Omit the images, then repeat the listing exactly.
Start of Available data
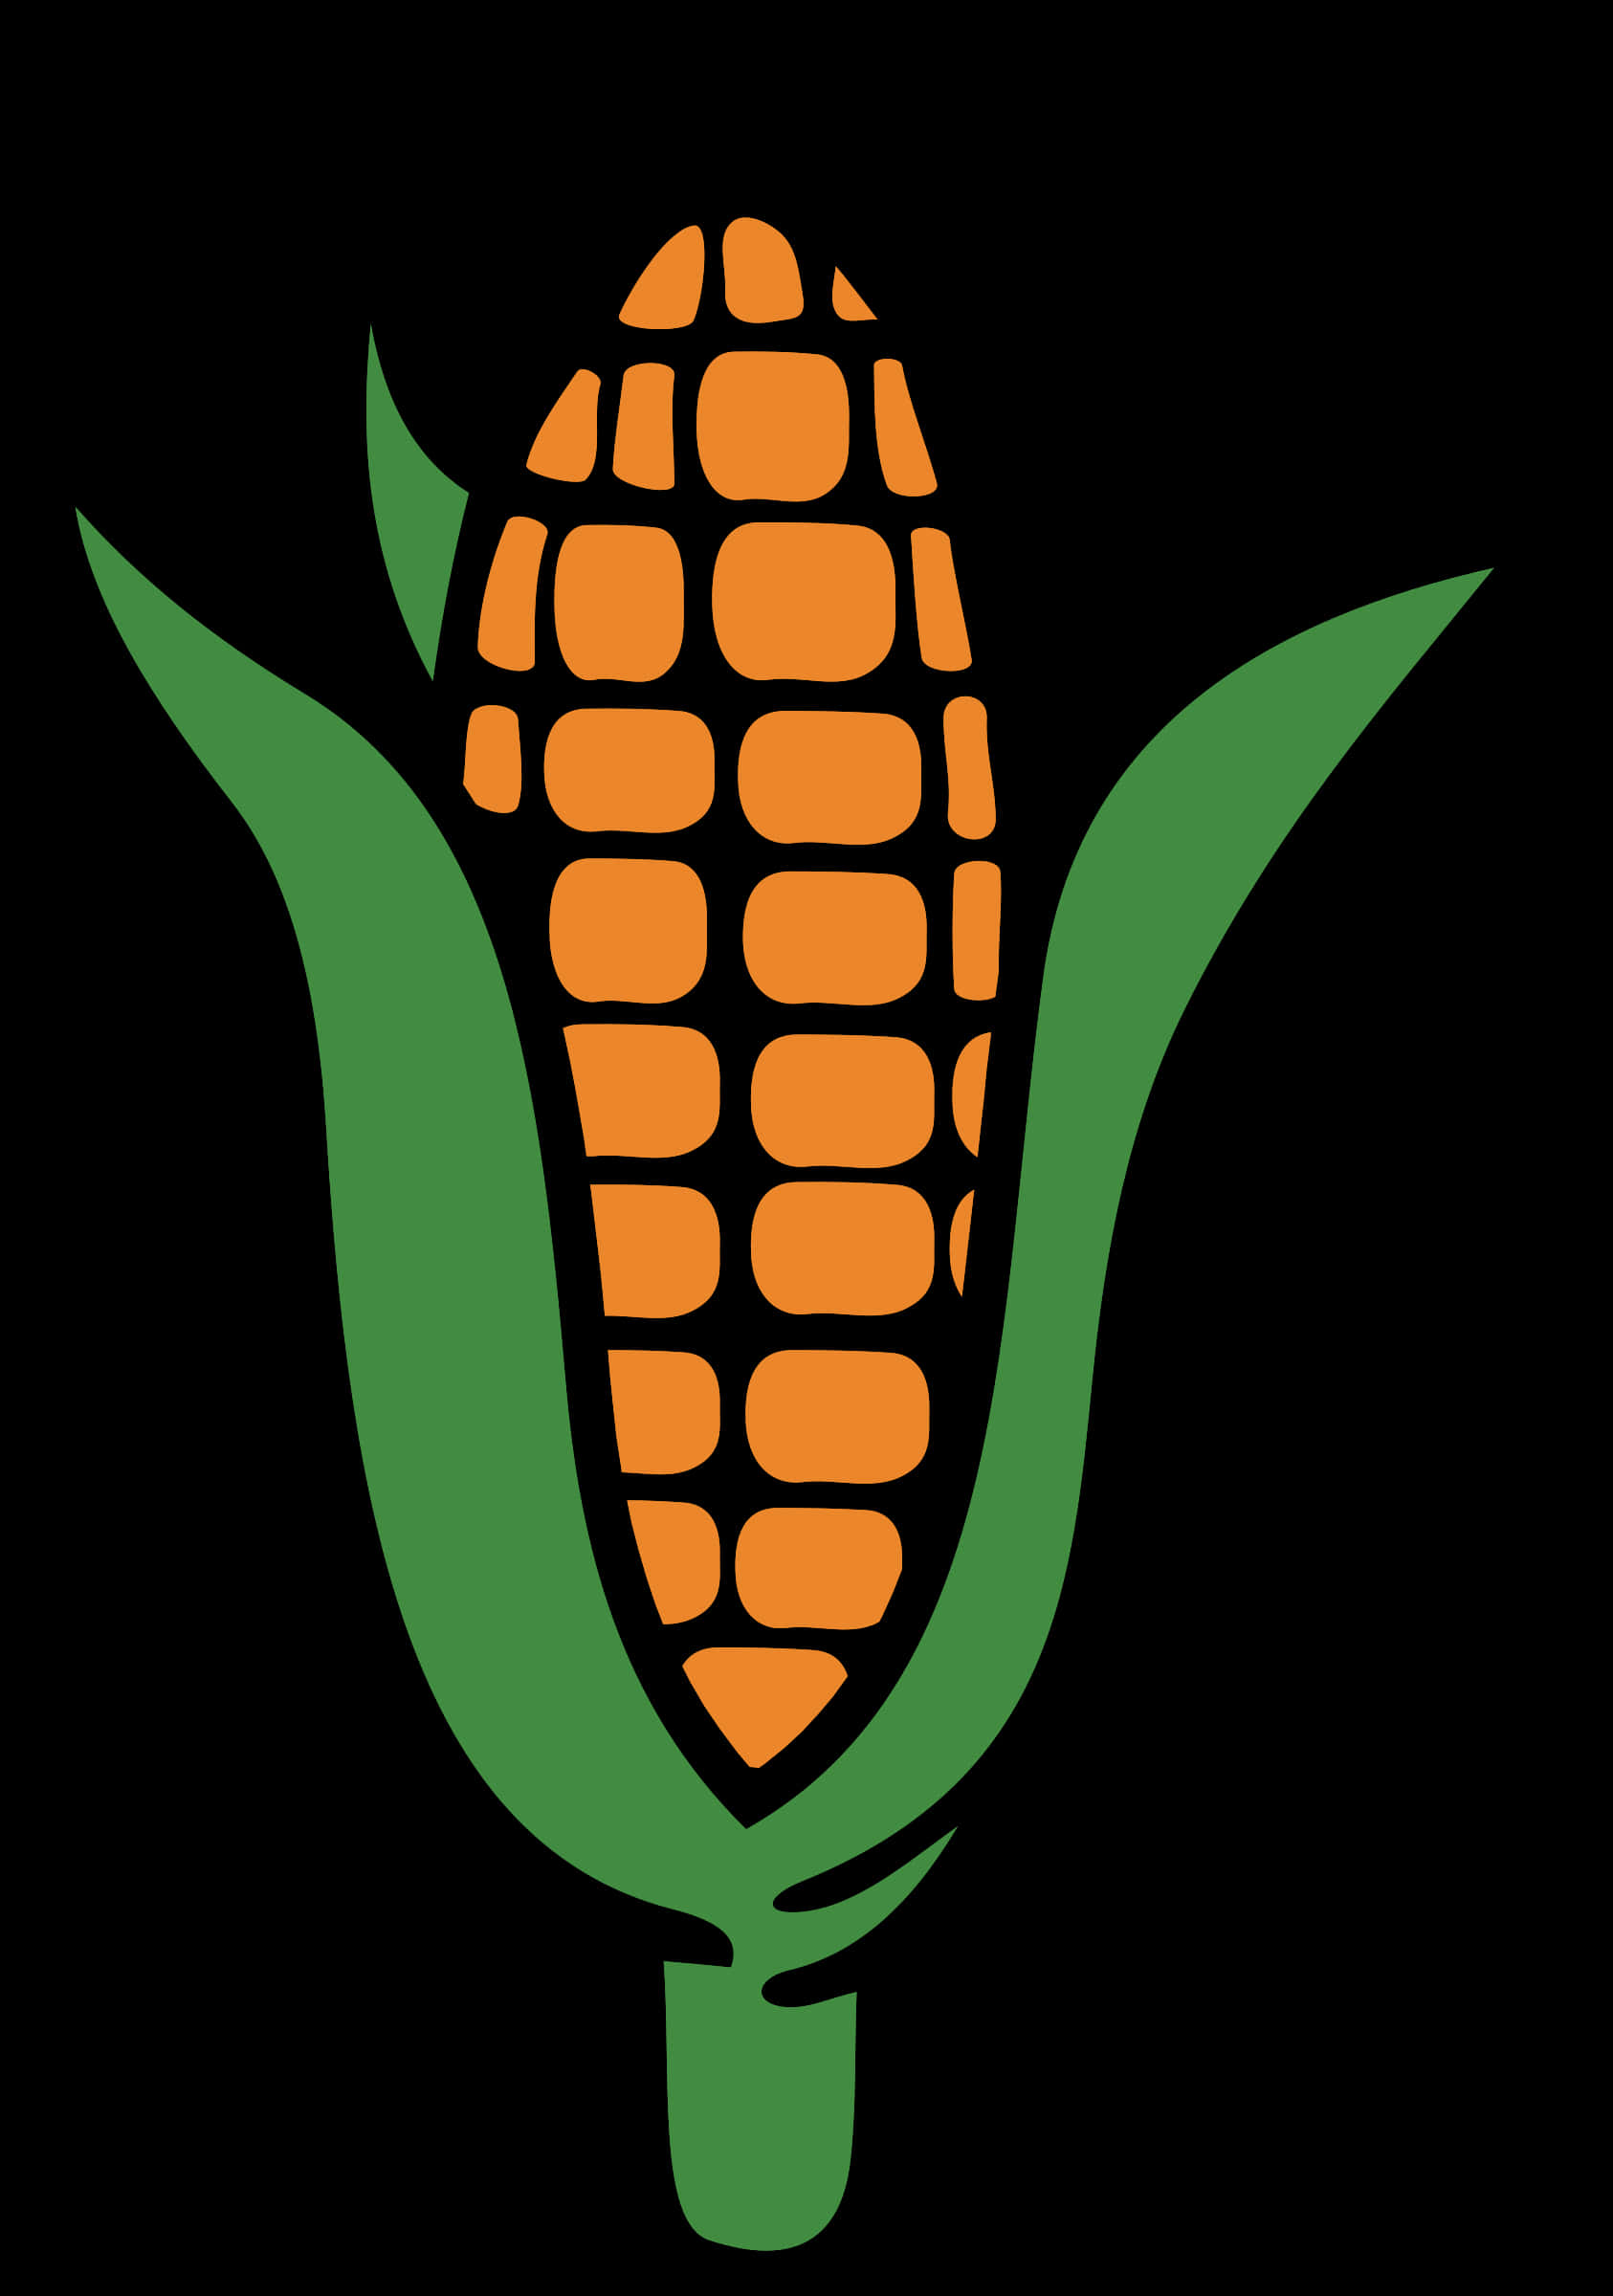 Stylized Corn Illustration PNG
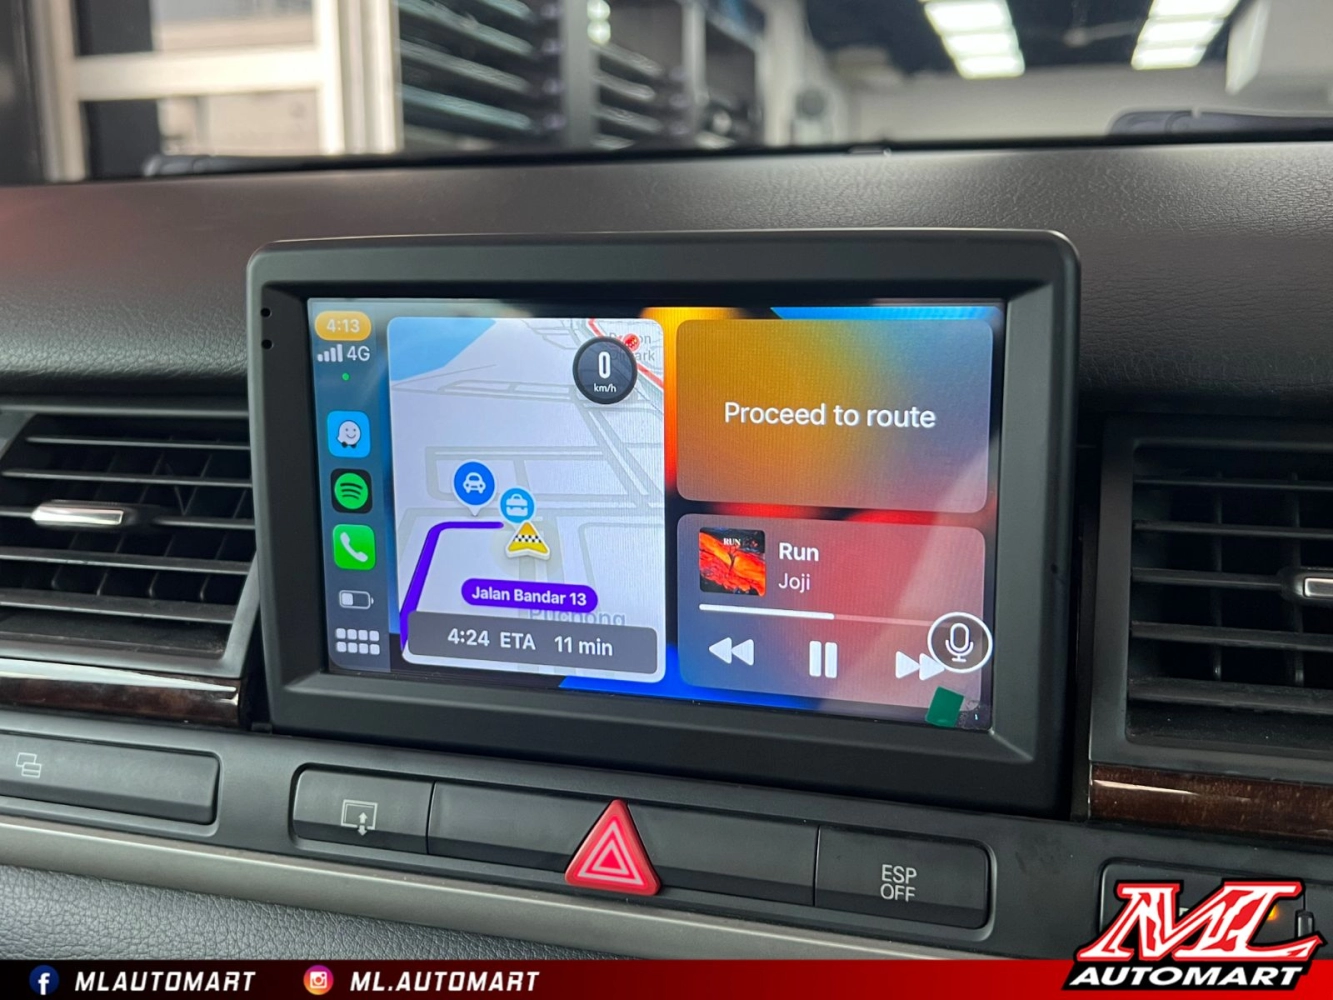 Audi A6 C6 Android Monitor Android Monitor Selangor, Malaysia, Kuala Lumpur  (KL), Puchong Supplier, Suppliers, Supply, Supplies
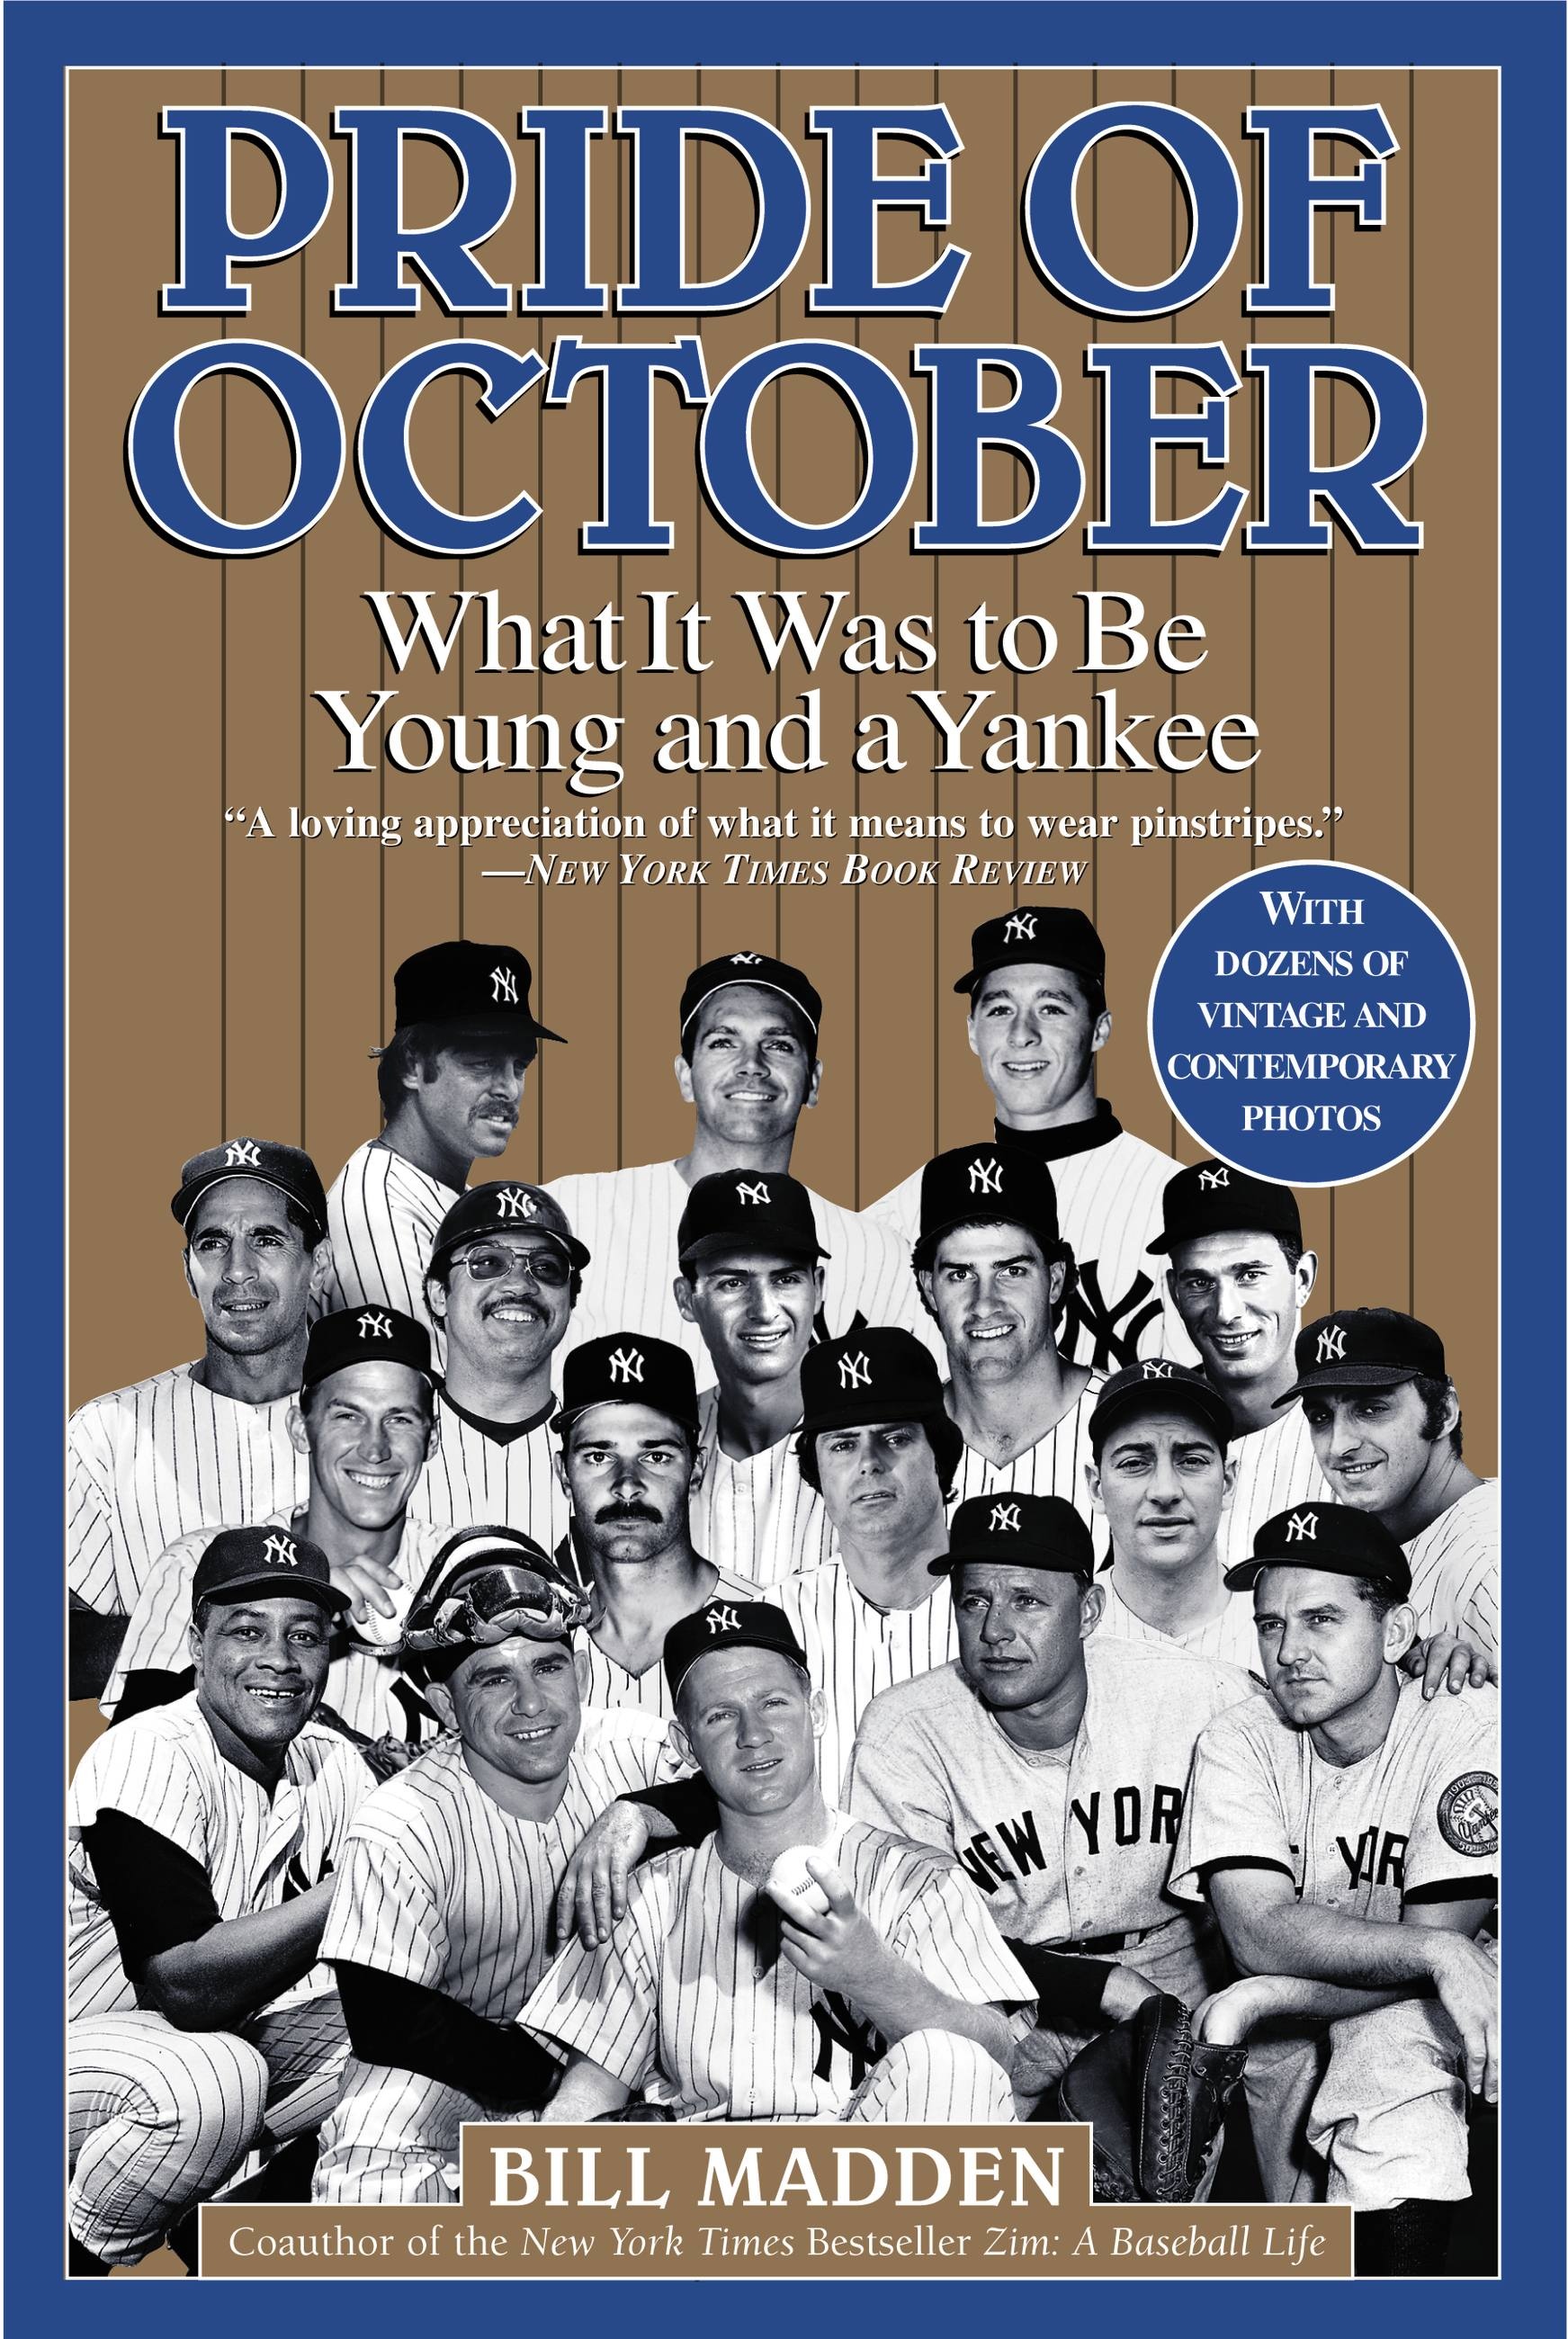 New York Yankees legends signatures city skyline baseball poster
End of Available data
Answer for the task:
 Stylized Corn Illustration PNG
 Audi A6 C6 Android Monitor Android Monitor Selangor, Malaysia, Kuala Lumpur  (KL), Puchong Supplier, Suppliers, Supply, Supplies
 New York Yankees legends signatures city skyline baseball poster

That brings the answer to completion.